If all that exists for behavioral traits ends up being weak genetic explanation (a la Turkheimer 1998, 2016), then it doesn’t seem like hereditarianism is a scientifically decidable hypothesis like hereditarians argue. Moreover, the demand for a mechanism comes first for a demand for the demonstration of causality. Anti-hereditarians are often skeptics of GWAS and argue that the associations identified are confounded by population structure, associative mating, and other forms of gene-environment correlation (Baverstock 2019; Richardson and Jones 2019). A mechanism goes a long way to demonstrating causality, and in some cases actually ends up proving it. The context-dependency of a mechanism only demonstrates the futility of hereditarianism rather than vindicating variational approaches to understanding phenotypic development. Moreover, what anti-hereditarians who view mechanistic explanation as a requisite factor for adjudicating the hereditarian question argue is that certain mechanisms by which SNPs can become associated with phenotypes are not amenable to hereditarianism. For instance, if it ends up being that height is highly heritable (say 80%) and that height causally impacts IQ  (via some socially mediated pathway), then of course IQ will be statistically heritable. But it isn’t “genetic” in the typical colloquial sense that hereditarians need – if simply changing our social norms will decrease the additive genetic variance of the phenotype, that contradicts a great number of claims in the hereditarian literature (e.g. Jensen 1969; Rushton 2012). Indeed, if it ends up being that (in our hypothetical) all of the additive genetic variation for IQ is mechanistically explained in this manner, then I suspect the ‘so-called’ environmentalists would consider themselves vindicated on the matter, as the proximate developmental mechanism is environmental. So understanding the mechanisms helps us understand the inferences that can be made from the association of a SNP to a phenotype – different types of associations have different biological, epidemiological and social implications.
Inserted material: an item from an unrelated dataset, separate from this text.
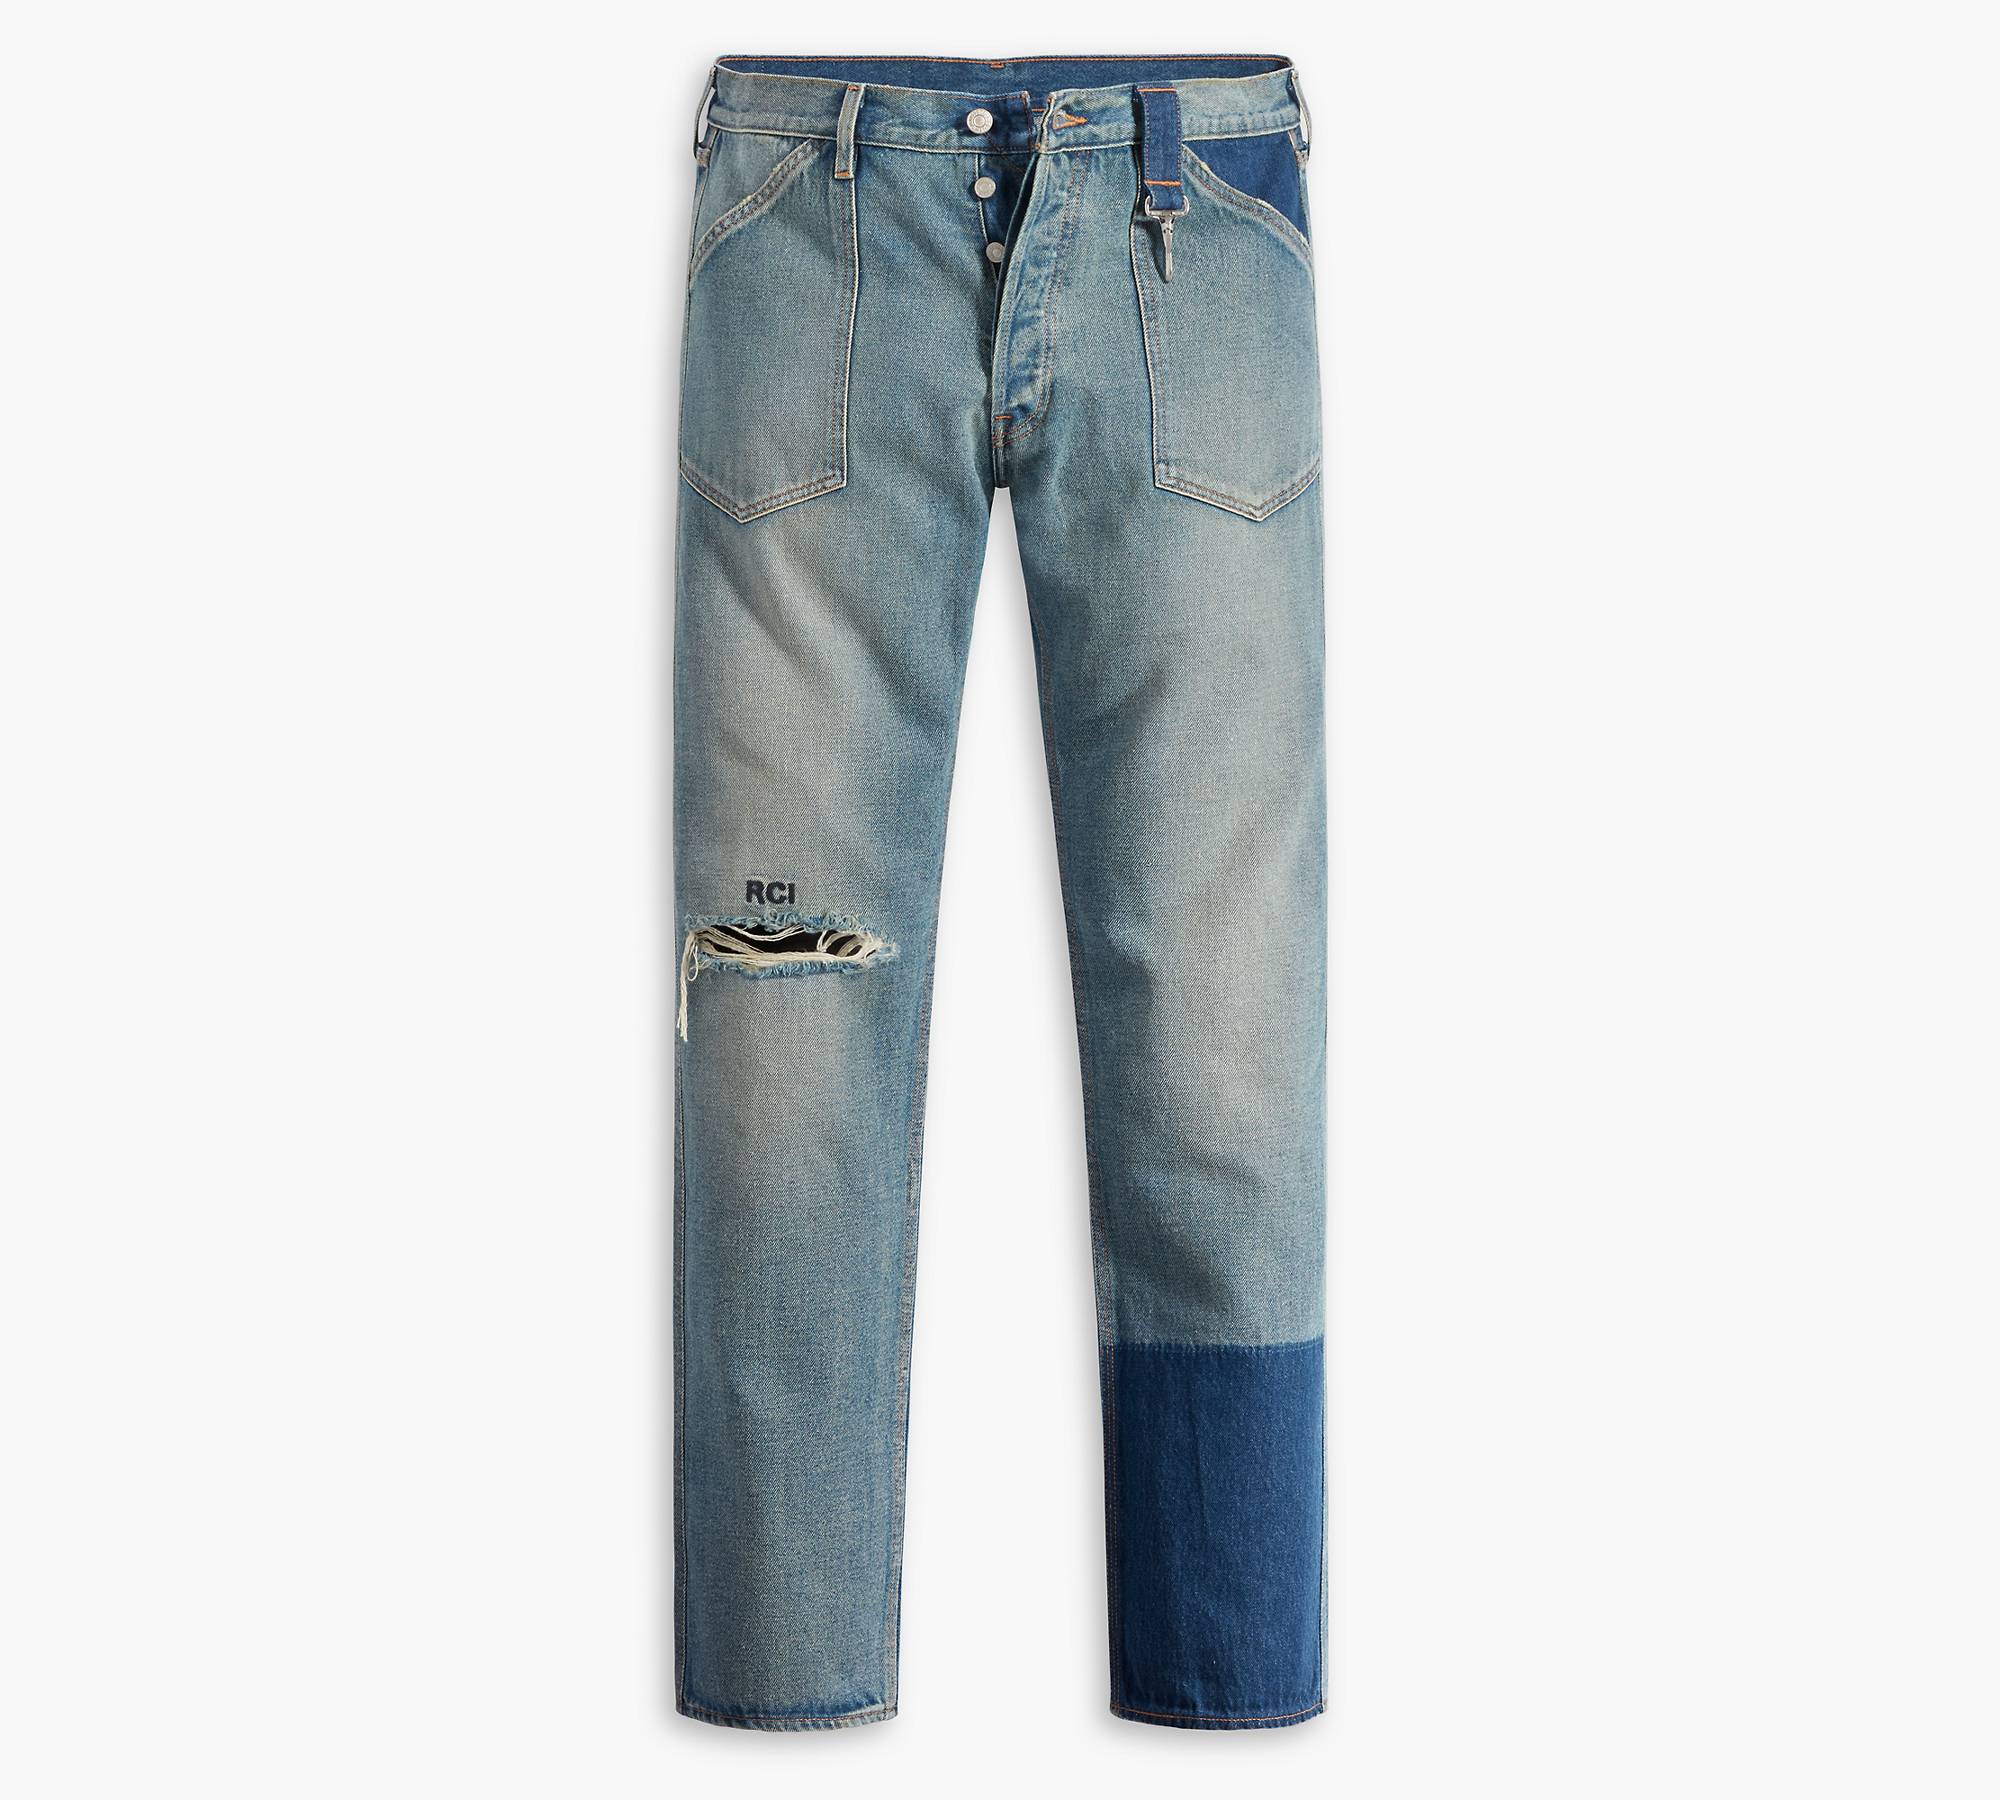 Levi's® X Reese Cooper® Men’s Straight Fit Jeans - Neutral | Levi's® GB

My fear is that choosing to only accept extreme and well-characterized clinical phenotypes or simple Mendelian characteristics with good molecular level mechanistic explanations as genuinely genetic casts genetics in biased ways.

This is a misrepresentation of Turkheimer’s view on how genetic associations should be understood. His point is that a coherent molecular genetics of say, divorce, are not forthcoming. The proper level of analysis for understanding the origin is not “bottom up from the genes”, but at the phenotypic level itself (Turkheimer et. al 2014). These are not any less legitimate genetic associations, but they do not have simple mechanistic explanations. To be clear, Turkheimer doesn’t think there is a fine line between a “true” genetic association (‘true positive’) and a confounded genetic association (‘false positive’) – the question of causality may not end up having a fact of the matter for GWAS. But that does not dismiss the fact that Turkheimer has never claimed that these associations are not “genuinely genetic” or that the heritability is fictitious.